Since its introduction in The Legend of Zelda series, the Master Sword has become a recognisable object in video gaming. It has been recreated in the form of fan-made replicas and also used as a functioning weapon. Critics have observed that the Master Sword and other Zelda plot elements have been heavily influenced by Celtic mythology. Cian Maher of Eurogamer drew comparisons between the Master Sword and a sword in Irish mythology called Claíomh Solais, also known as The Sword of Light. This sword was similar to Cú Chulainn's sword, known as Cruadín Catuchenn, one of the legendary god-killing weapons in Irish mythology. He noted the similarity of the heroes completing three tasks before obtaining the Sword of Light and that the weapon is capable of killing an enemy that is impossible to defeat, which resembles Link's quest and the Master Sword's capability of killing undefeated enemies like Ganon. Aaron Greenbaum, writing for Den of Geek, commented on the contradictory origins of the sword within the series. He noted that the story of who forged the sword has been retconned since A Link to the Past, due to the "confusing" nature of The Legend of Zelda timeline and that Skyward Sword corrected this by introducing the idea that Link forges the sword, providing a "superior in-game explanation".
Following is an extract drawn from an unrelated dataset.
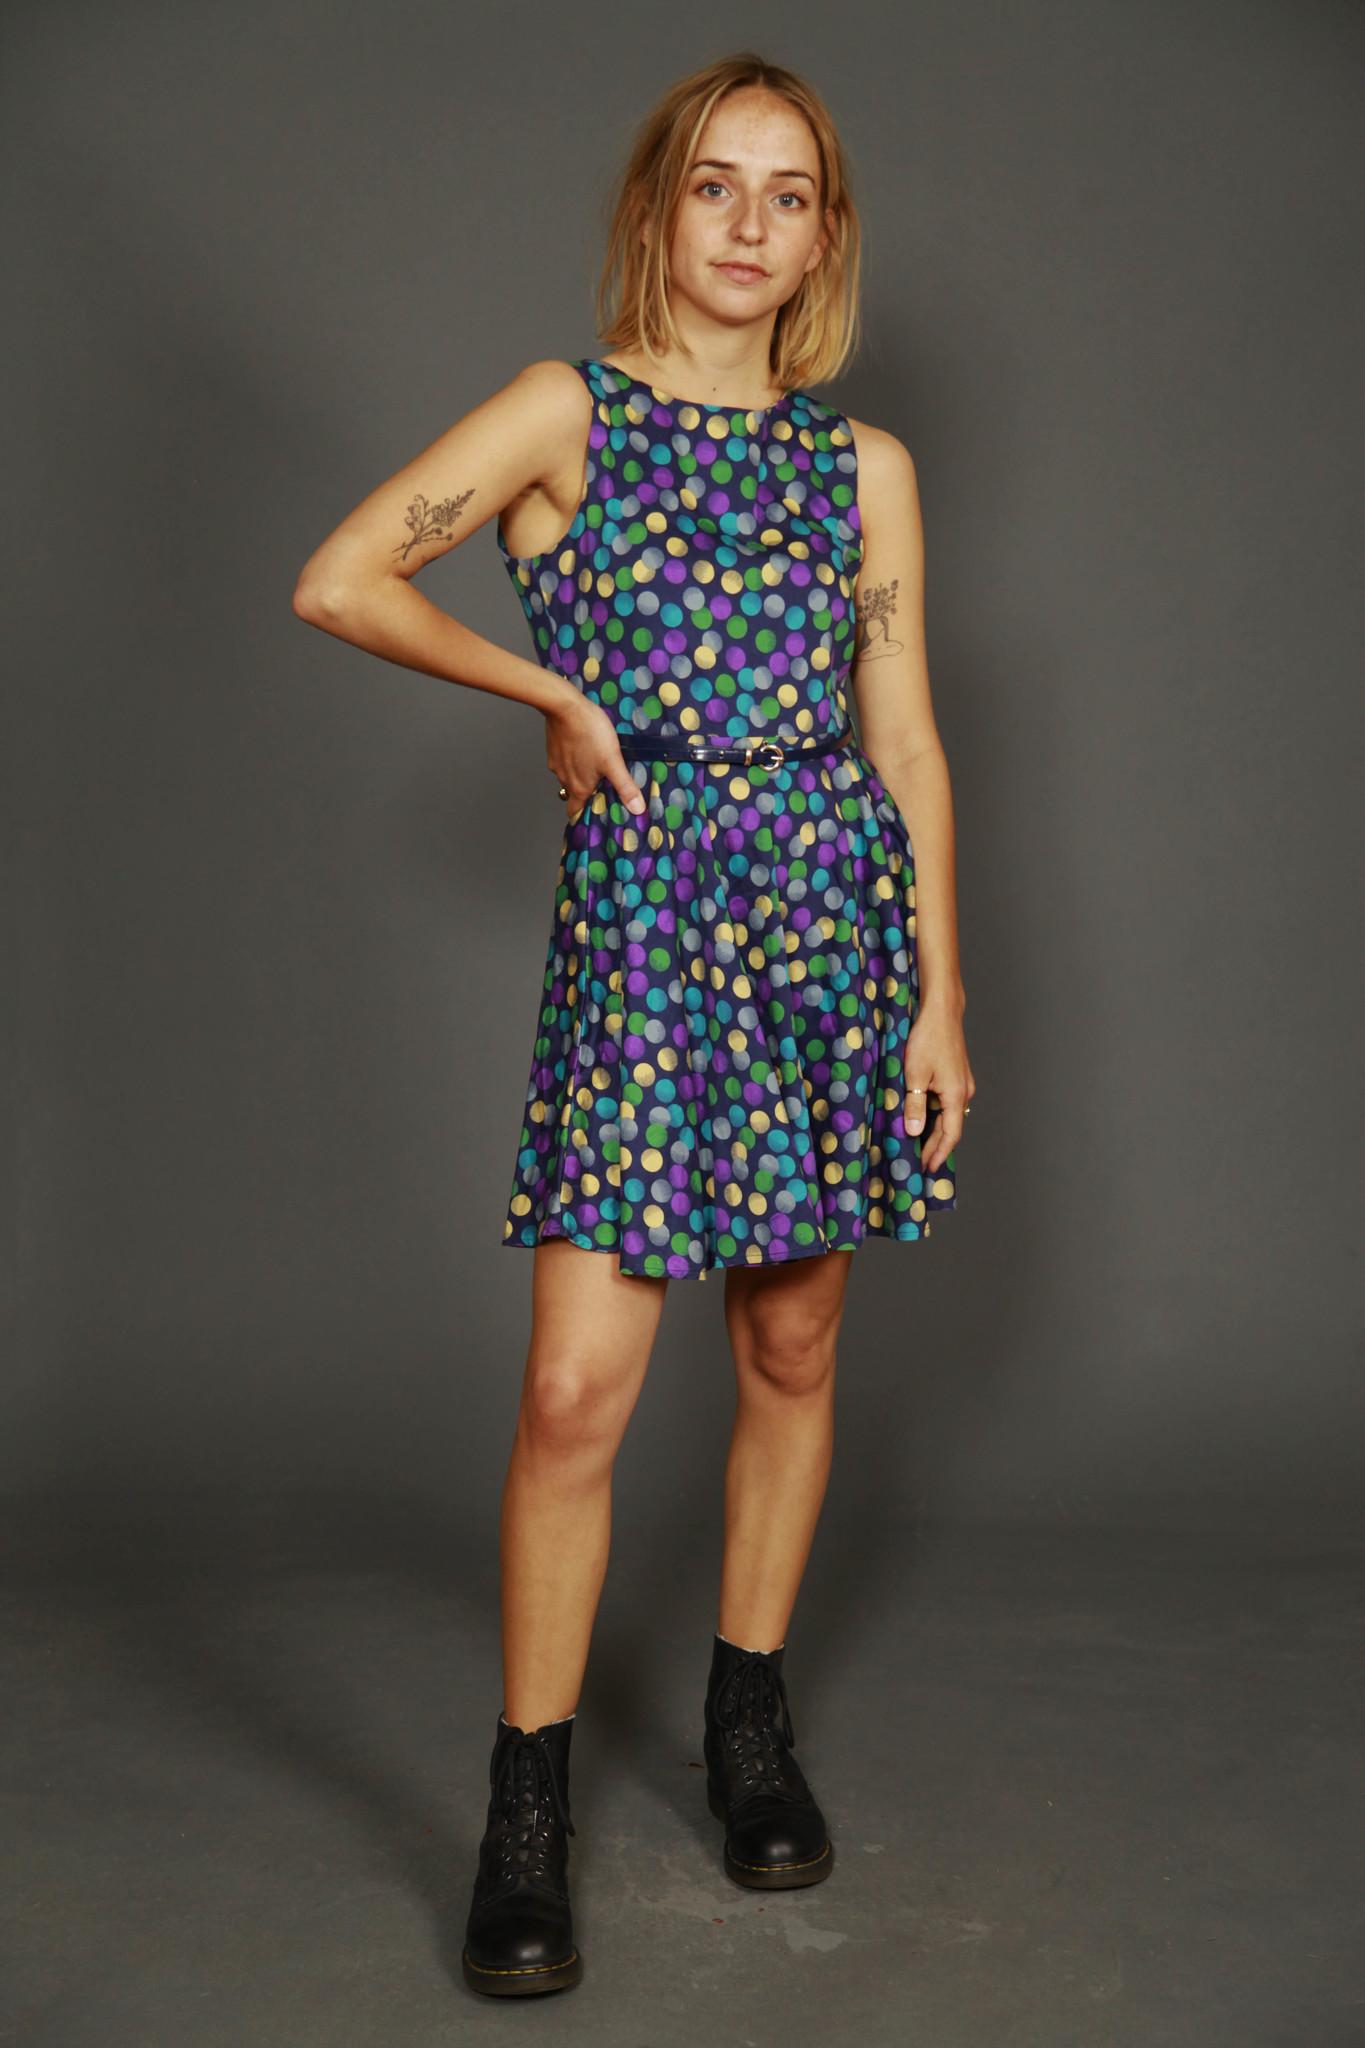 Sleeveless polka dot dress

Nintendo Power described the Master Sword as one of the best weapons in gaming, citing that it is more than just a powerful sword, but also integral to Link's adventures and development as a character. Writing for Paste, Khee Hoon Chan commented on the significance of the Master Sword in the narrative of the Zelda storyline: "There are few scenes in entertainment as iconic as the image of young Link pulling the Master Sword from its pedestal, a virtual, modern retelling of The Sword and the Stone. More than just a weapon, the Master Sword came to be a symbol of Link's destiny". The Master Sword was ranked as one of the coolest swords in gaming by Ron Whitaker for The Escapist magazine, who commented, "the Master Sword doesn't look all that special. It's not that big, it doesn't have flames rising from it, and it doesn't look all that intimidating. But in the hands of the right person, it can save the world". He also listed it as one of the most iconic video game weapons.
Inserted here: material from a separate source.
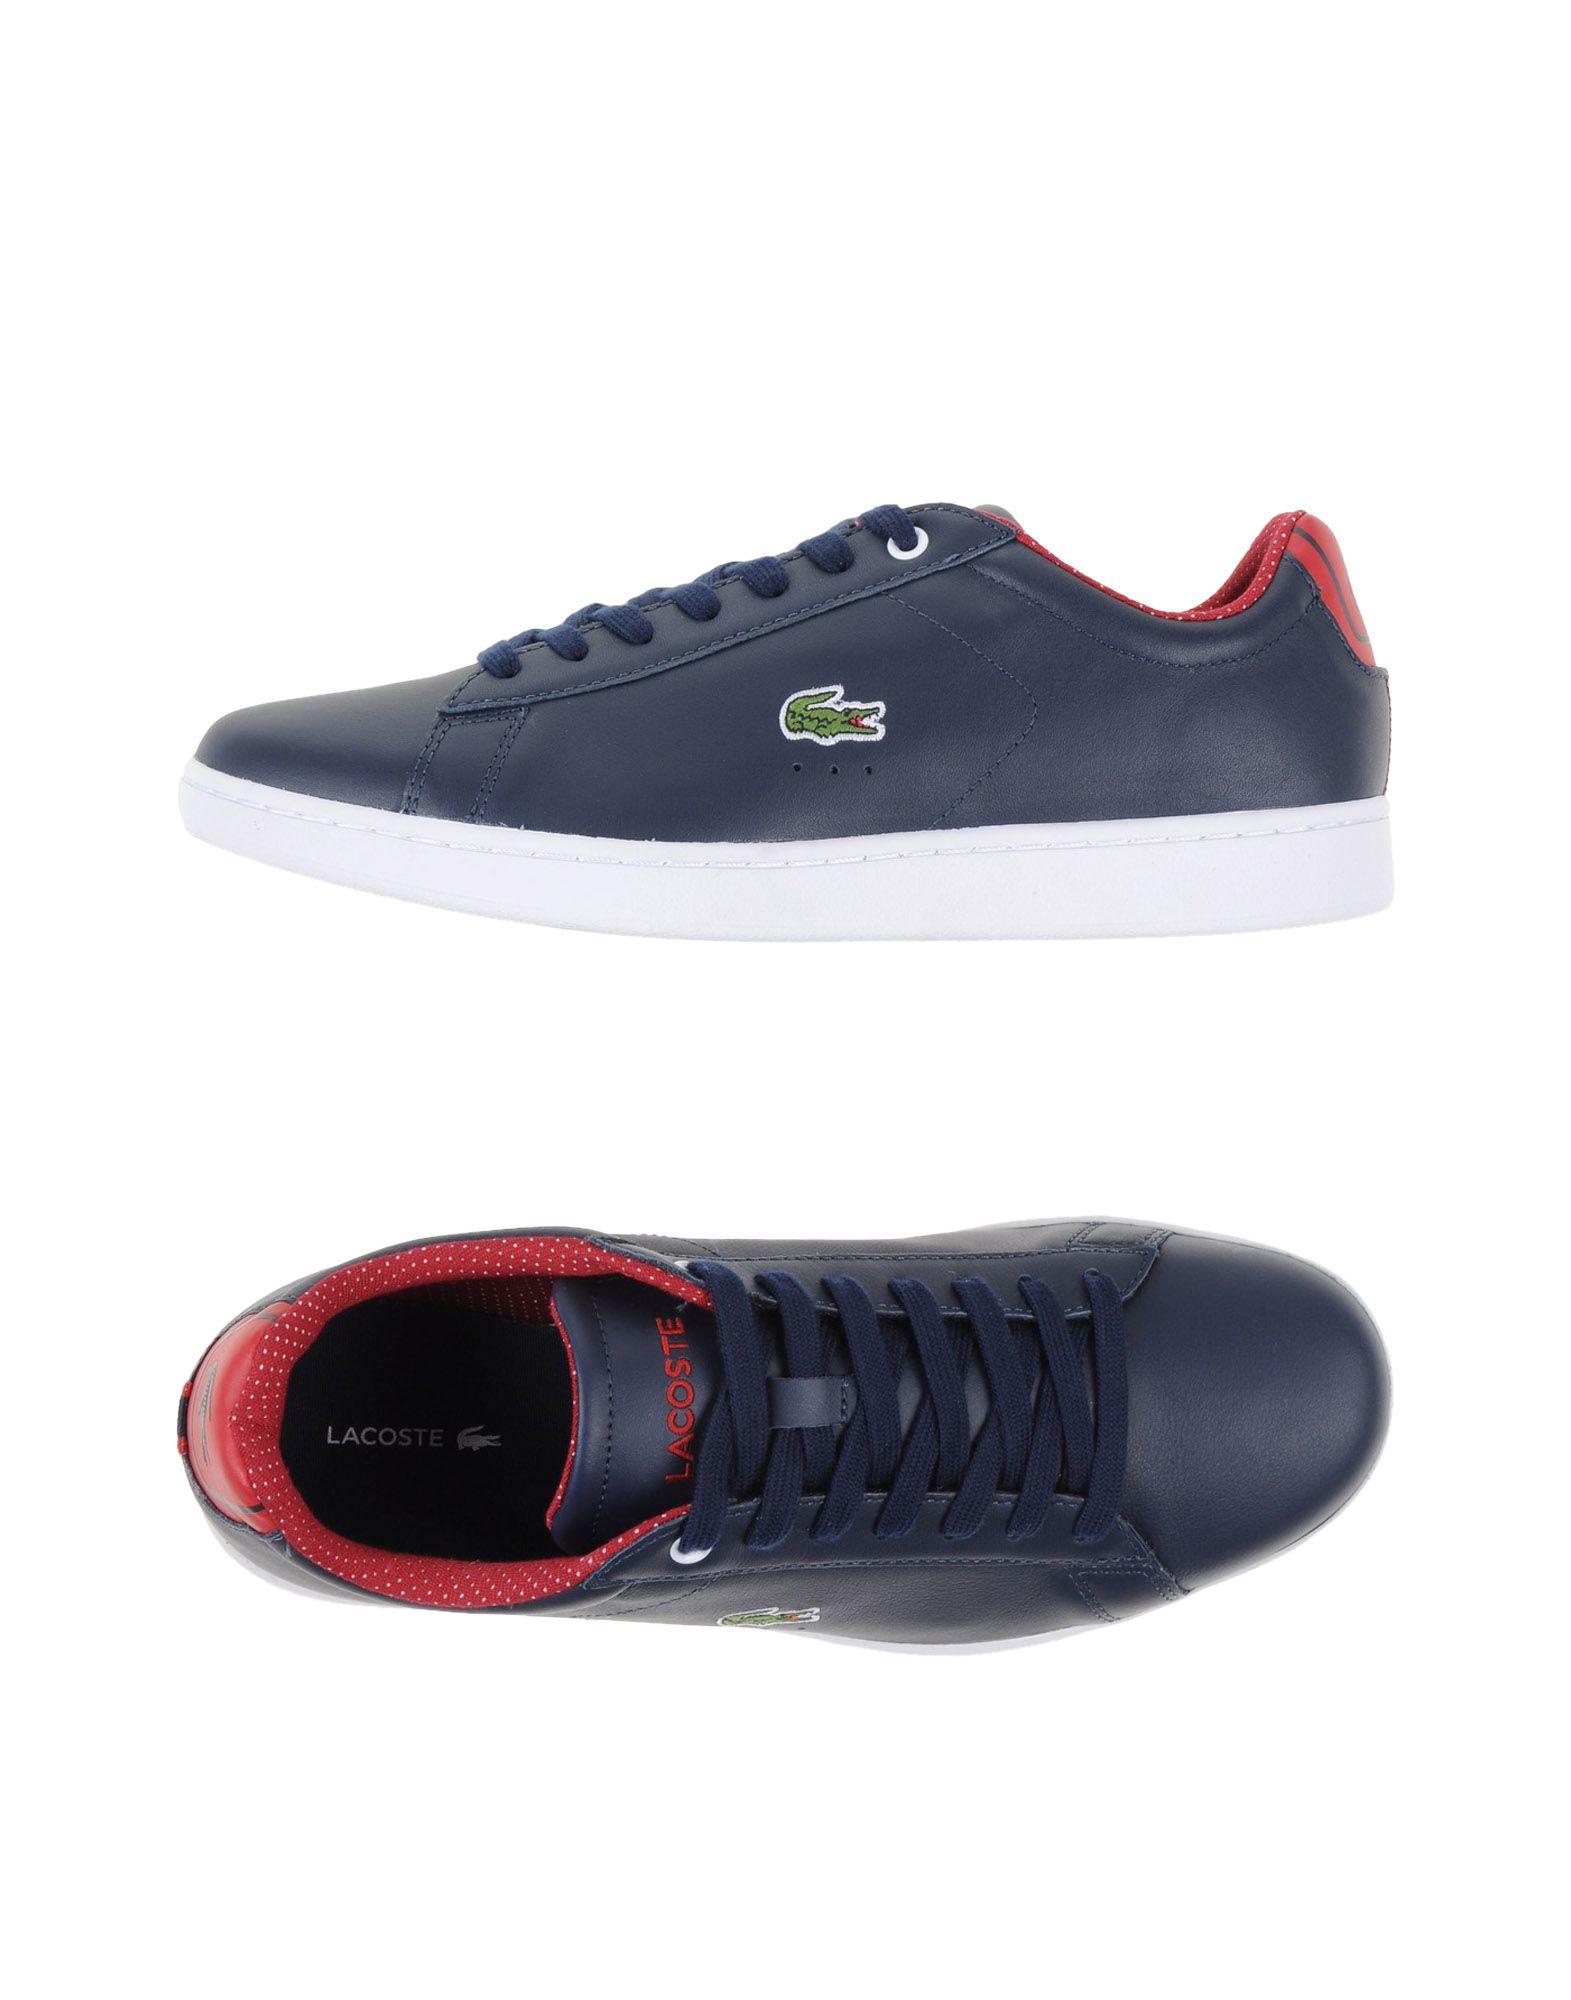 Sneakers Lacoste Carnaby Evo - 116 1 - Donna - Evo 11008113XJ 85c6bd

In a review of Skyward Sword, GamesRadar described the Master Sword as "the unspoken star of The Legend of Zelda", and praised the game for placing it directly in the hands of the player through the MotionPlus and making the sword a focal point of the game. Jim Norman of Nintendo Life thought that obtaining the Master Sword in Tears of the Kingdom was a "series defining moment" due to the cinematic spectacle of pulling the sword from the Light Dragon's head and the tension involved in performing the act. He also noted that the sword's role as an integral part of the storyline means that finding its location provides a "special melancholic twist". Matthew Byrd, writing for Den of Geek, considered the Master Sword to be "the most important weapon in gaming history", due to the way it is obtained in A Link to the Past. He opined that the moment when the player obtains the sword is significant because it provides the player with a sense of fulfilling their destiny, which had not been achieved by any previous piece of gear in gaming. He commented: "Few weapons in gaming history until that point had been treated with such reverence, and few felt so good to finally acquire". IGN staff consider the Master Sword to be the greatest or most iconic video game weapon of all time, and the act of pulling it out in Ocarina of Time the most unforgettable video game moment of all time. Destin Legarie from IGN wrote: "This beautiful sword is an icon to gamers everywhere, as well as an instantly recognizable item of central importance in the Zelda franchise. Sure, there have been plenty of great weapons and items in The Legend of Zelda series, but only the Master Sword has endured since the days of A Link to the Past. Each story since the Super Nintendo entry has been crafted around Link's quest to obtain this legendary blade".